Psychologies : Votre vision de la parentalité aujourd'hui peut-elle être considérée comme non traditionnelle ?

Gordon Neufeld, psychologue canadien, auteur de Watch Out for Your Children : Peut-être. Mais en fait, ce n'est que le point de vue traditionnel. Et les problèmes auxquels les enseignants et les parents sont confrontés aujourd'hui sont une conséquence de la destruction des traditions qui s'est poursuivie au cours du siècle dernier.

De quels problèmes parles-tu ?

Manque de contact entre parents et enfants, par exemple. Il suffit de regarder les statistiques du traitement des parents avec enfants chez les psychothérapeutes. Ou une diminution des performances scolaires et même de la capacité même des enfants à apprendre à l'école.

Le point, apparemment, est que l'école d'aujourd'hui n'est pas en mesure d'établir des relations émotionnelles avec les élèves. Et sans cela, il est inutile de "charger" l'enfant d'informations, il sera mal absorbé.

Si un enfant apprécie l'opinion de son père et de sa mère, il n'a pas besoin d'être forcé une fois de plus

Il y a environ 100-150 ans, l'école s'inscrivait dans le cercle des affections de l'enfant, qui surgissent au tout début de sa vie. Les parents ont parlé de l'école où leur fils ou leur fille étudiera et des enseignants qui leur ont enseigné eux-mêmes.

Aujourd'hui l'école est sortie du cercle des attachements. Il y a beaucoup d'enseignants, chaque matière a la sienne, et il est plus difficile de nouer des relations affectives avec eux. Les parents se disputent avec l'école pour une raison quelconque et leurs histoires ne contribuent pas non plus à une attitude positive. En général, le modèle traditionnel s'est effondré.

Pourtant, la responsabilité du bien-être émotionnel incombe à la famille. Votre idée qu'il est bon pour les enfants de dépendre émotionnellement de leurs parents semble audacieuse...

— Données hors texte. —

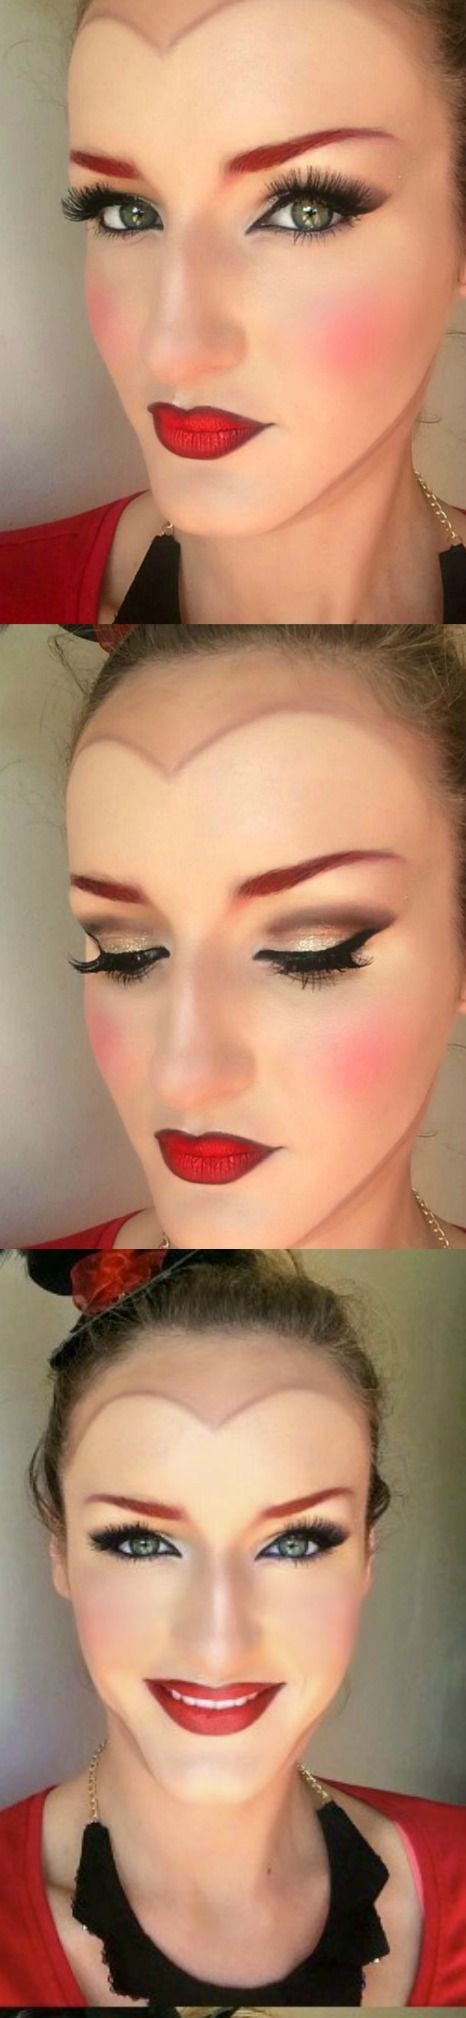 "Alice in Wonderland ""Queen of Hearts"" Makeup for Halloween on prettymuchblog.com"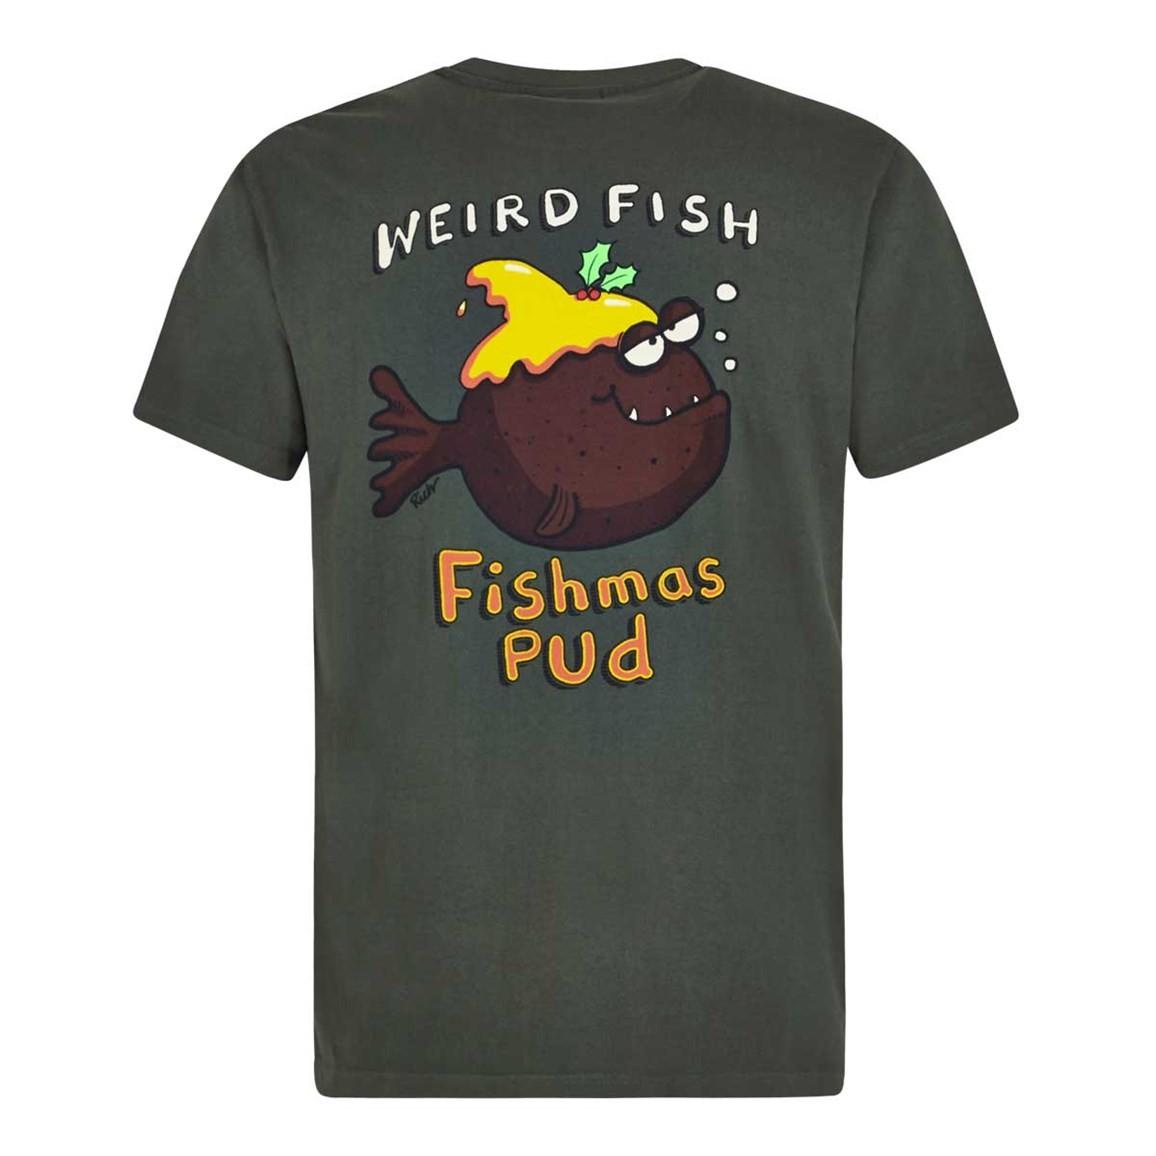 Weird Fish Fishmas Pud Artist T-Shirt Thyme

Le mot « addiction » a acquis de nombreuses connotations négatives. Mais je parle de choses simples et, me semble-t-il, évidentes. L'enfant a besoin d'un attachement émotionnel à ses parents. C'est en elle que réside la garantie de son bien-être psychologique et de sa réussite future.

En ce sens, l'attachement est plus important que la discipline. Si un enfant tient à l'opinion de son père et de sa mère, il n'a pas besoin d'être forcé une fois de plus. Il le fera lui-même s'il sent à quel point c'est important pour les parents.

Pensez-vous que les relations avec les parents doivent rester primordiales. Mais jusqu'à quand ? Vivre dans la trentaine et la quarantaine avec vos parents n'est pas non plus la meilleure option.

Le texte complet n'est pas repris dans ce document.